We see this same grace in the intervention of the same leader, Kanthapuram A.P. Aboobacker Musliyar, for Nimisha Priya, a Hindu nurse on death row in Yemen. A Muslim cleric intervening for a Hindu woman in a foreign land destroys the narrative of communal hatred that fuels so much mob violence. It proves that our shared humanity is thicker than the ink of our religious labels. It is a rejection of the "silo-isation" of empathy, where we only care for "our own."

Conclusion

History offers us the ultimate precedent for this higher form of justice. When Prophet Muhammad ﷺ entered Mecca victorious, he held the lives of the Quraysh, who were his tormentors, the people who had boycotted, starved, and killed his followers, in his hands. By the tribal laws of the time, a massacre was expected. Public opinion would have demanded revenge. Instead, he declared, "Go, you are free."

This was not weakness; it was the supreme strength of valid authority.

Rule of Law vs. Rule by Law Real justice is not what we do when we are weak and seeking redress; it is what we do when we are powerful and could choose revenge. We must distinguish between the Rule of Law and Rule by Law. The mob operates on Rule by Law, using violence as a tool to enforce their transient, emotional view of justice. The Constitution and figures like the Prophet operate under the Rule of Law, in which power is subject to enduring principles of fairness and restraint.

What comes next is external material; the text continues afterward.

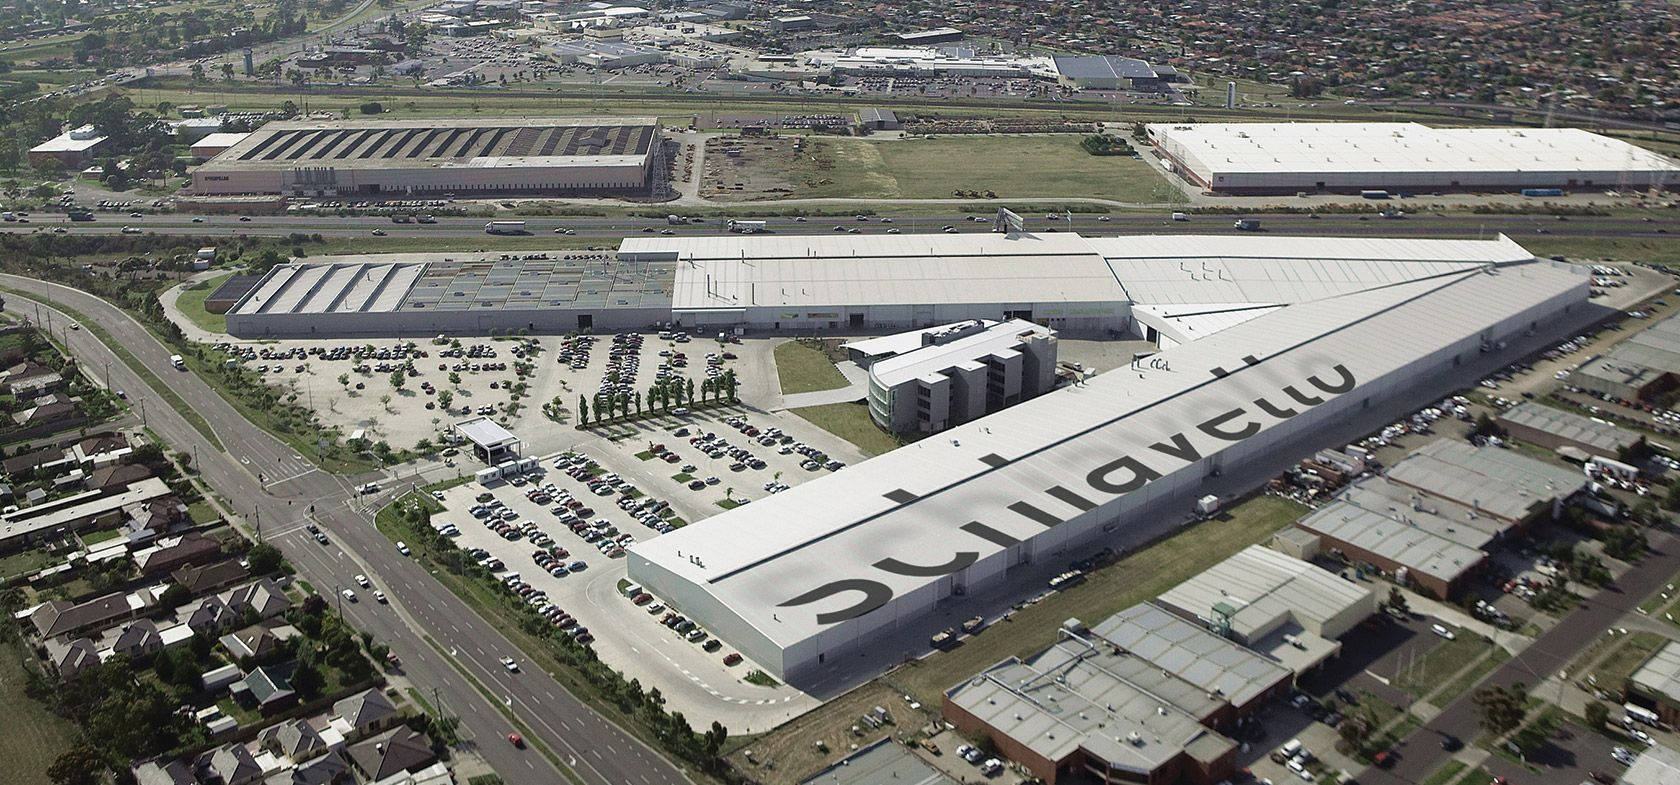 schiavello aerial photo head office and manufacturing facility tullamarine
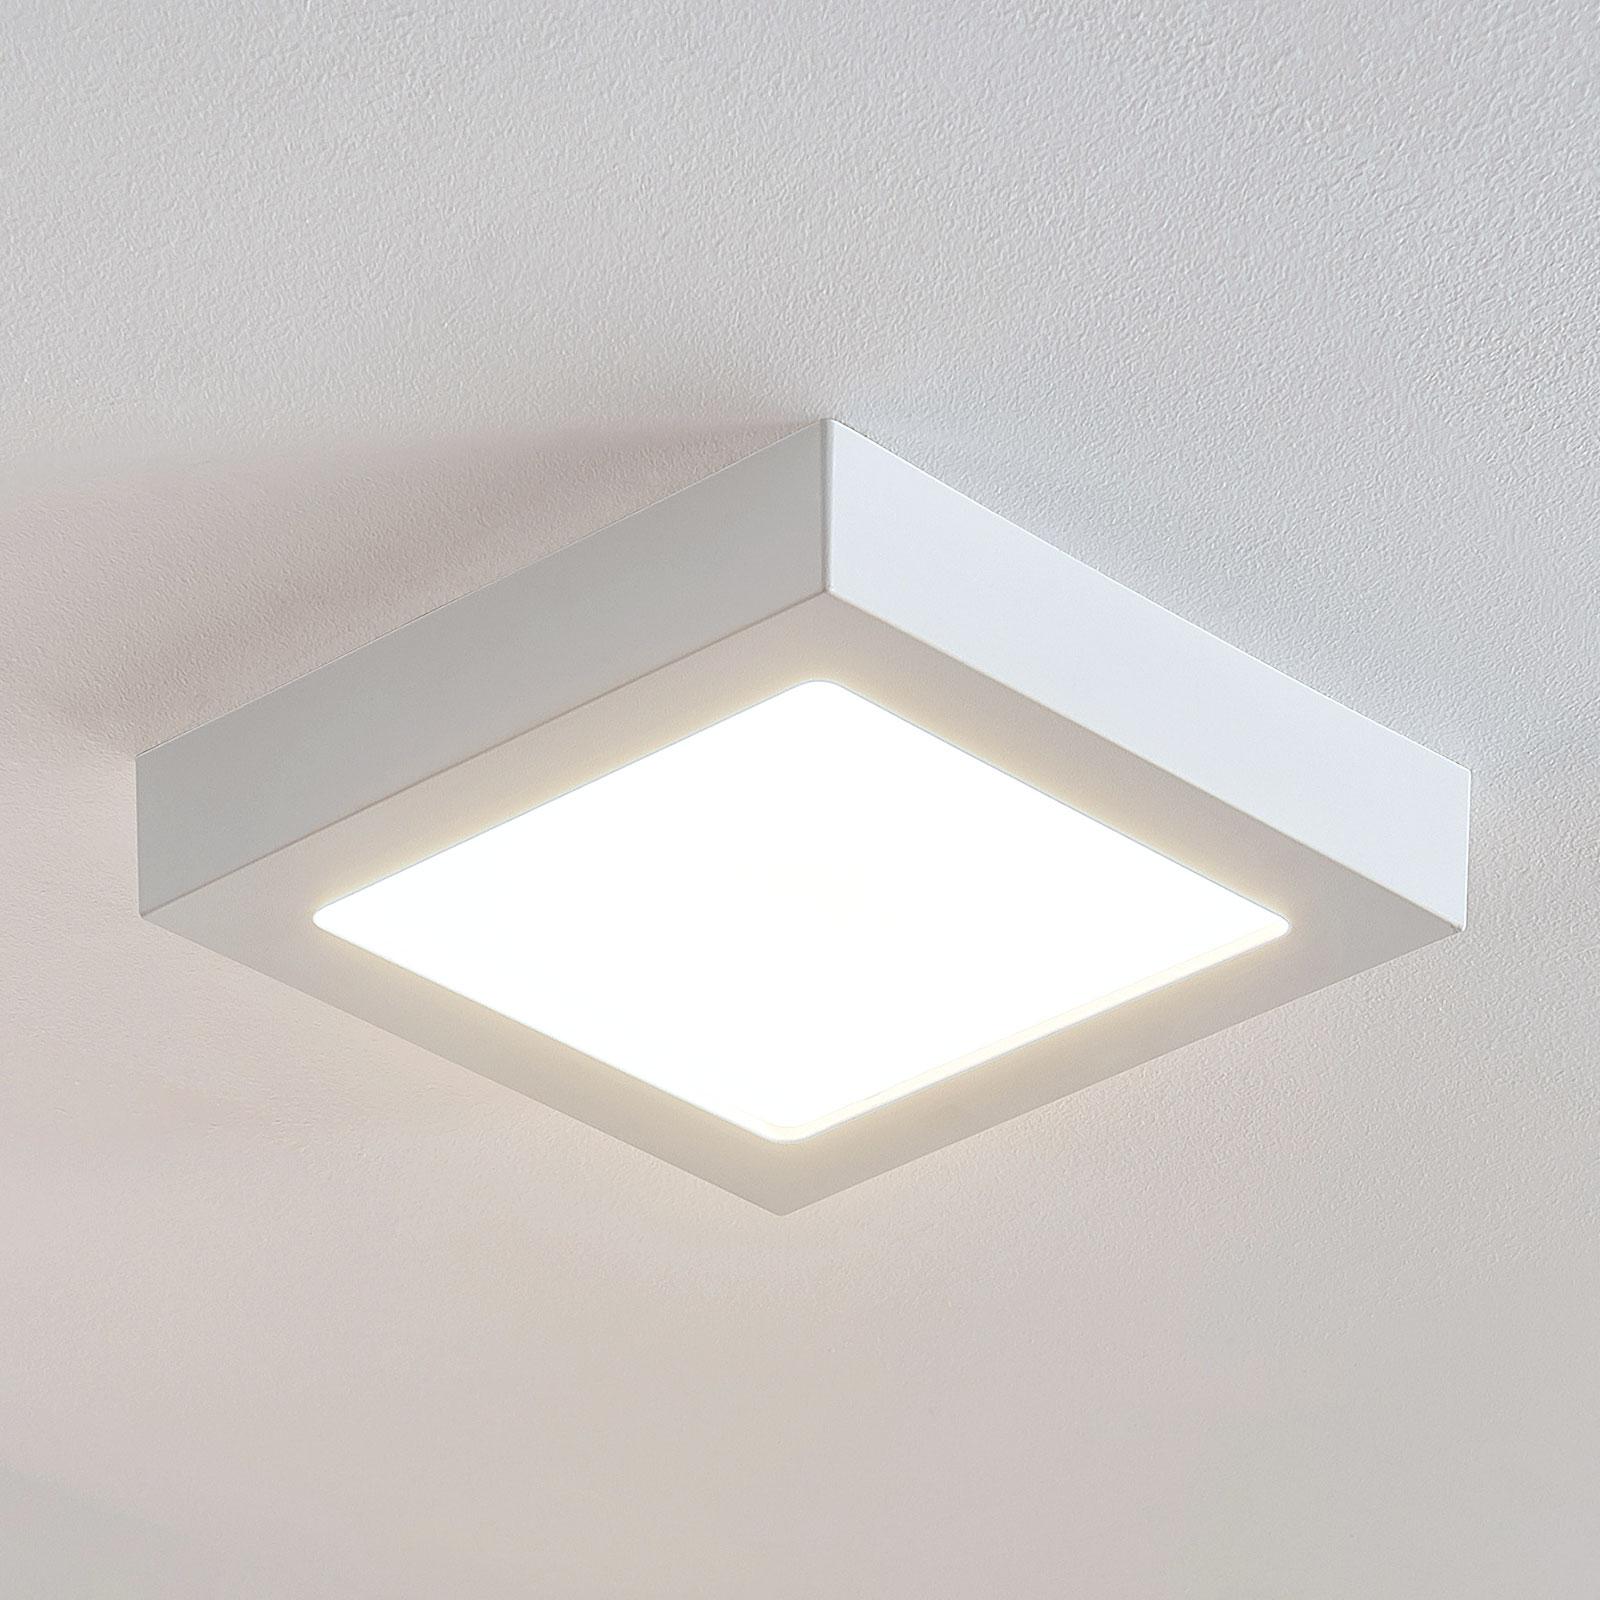 LED-Deckenlampe Marlo weiß 3000K eckig 23,1cm

As we navigate an era of polarisation, we must reject the seductive simplicity of the stone-throwing mob. We must uphold Constitutional Morality, which is the adherence to the core values of the Constitution, not just its text. We must reject Vigilantism in all its forms, whether physical or digital. We must stand with the victim, yes, but we must also stand with the Presumption of Innocence. We must heed the message of the Kerala Yatra and choose to stand "With Humans." For if we burn down the court to kill the criminal, who will protect us when the fire turns our way?

References

  1. Statute: Bharatiya Nyaya Sanhita (BNS), 2023 - Section 103(2) (Punishment for Mob Lynching).
  2. Supreme Court of India: Tehseen S. Poonawalla v. Union of India (2018) - Guidelines on Mob Lynching and Vigilantism.
  3. Supreme Court of India: Nilabati Behera v. State of Orissa (1993) - Constitutional Tort and State Liability.
  4. Supreme Court of India: Sahara India Real Estate Corp. Ltd. v. SEBI (2012) - Postponement Orders and Sub Judice.
  5. Supreme Court of India: Subramanian Swamy v. Union of India (2016) - Right to Reputation as part of Article 21.
  6. Geneva Convention: Article 33, Convention IV (Prohibition of Collective Punishment).
  7. ICJ Ruling: Application of the Convention on the Prevention and Punishment of the Crime of Genocide in the Gaza Strip (South Africa v. Israel), Provisional Measures, 2024.
  8. Media Report: The Hindu, "Migrant worker lynched in Walayar," December 2025.
  9. Media Report: Mathrubhumi, "Attappady Madhu Lynching Verdict," 2018/2023.
  10. Media Report: The News Minute, "Kerala raises ₹34 crore for Diya money," 2024.
  11. Media Report: Siraj Daily, "Kanthapuram AP Aboobacker Musliyar's Kerala Yatra - Theme: With Humans," January 1-16, 2026.